In 2021, Slavov's lab published on an enhanced version of the SCOPE-MS approach called SCOPE2, a more accurate and higher-throughput assay with automated sample preparation. In 2022, the lab published on a method called plexDIA, which combines sample multiplexing with data-independent acquisition mass spec analysis.

One of PTI's initial aims will be to increase the multiplexing afforded by the plexDIA approach, Slavov said. In the original paper detailing the method, the researchers were able to multiplex three samples per mass spec run. Now, he said, they are working to develop mass tags capable of multiplexing more than three samples.

He said his group is exploring several versions of these tags and are "very confident that we can push [multiplexing] to much higher than three."

Increased multiplexing will require improved data analyses tools to interpret the results of the experiments, Slavov said, noting that this will also be a major focus for the institute.

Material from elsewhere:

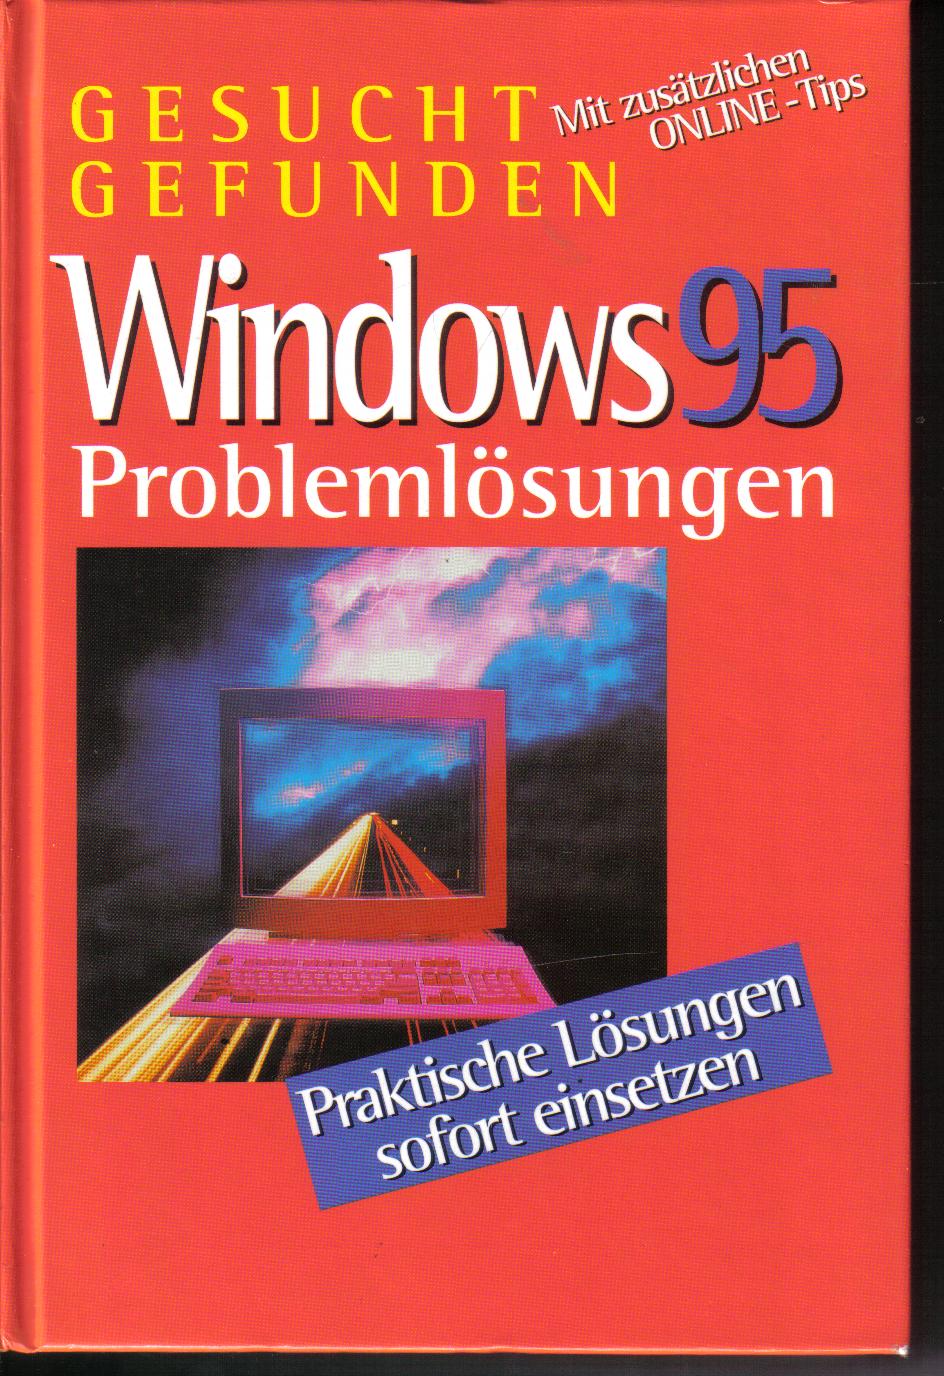 Windows 95Problemloesungen

"The other very important aspect of what we do will be developing algorithms for data interpretation," he said. "We know at the moment that the data [generated] is not being fully interpreted. We are not identifying and quantifying all peptides for which we have strong spectra in the data, and so we will be working on approaches to do this more robustly."

Slavov said that a key goal of the center will also be to disseminate the methods and tools developed there, noting that PTI plans to organize workshops for outside researchers interested in using these technologies.

"The reason we are doing this as a nonprofit is because we want all of it to be made accessible to the research community, to biotechs, to everybody," he said.

Slavov said that PTI is, in theory, technology agnostic and noted that the institute is collaborating with researchers using nanopores for protein sequencing work. However, he said, in practice, mass spec is currently the only technology capable of measuring thousands of proteins in complex samples and is therefore the primary tool he and his colleagues will use for their work.

PTI has purchased "quite a few" mass spec instruments, he said, noting that the institute currently has instruments from most major vendors serving the proteomics market including Bruker, Thermo Fisher Scientific, and Sciex. Slavov said the institute is still in the process of purchasing instruments and plans to have around 12 mass specs in its initial phase.

He said that, moving forward, the institute aims to work with instrument manufacturers "to help them develop and optimize their instruments for the technologies that we develop. It is ultimately an ecosystem with many interacting pieces, and we want to facilitate those interactions so that they develop together in a synergistic way."

PTI plans to leverage the technologies it develops primarily for studying Alzheimer's disease. It is collaborating on this work with Bradley Hyman, who directs the Alzheimer's disease research unit at the MassGeneral Institute for Neurodegenerative Disease. Slavov said PTI also plans to study immune aging.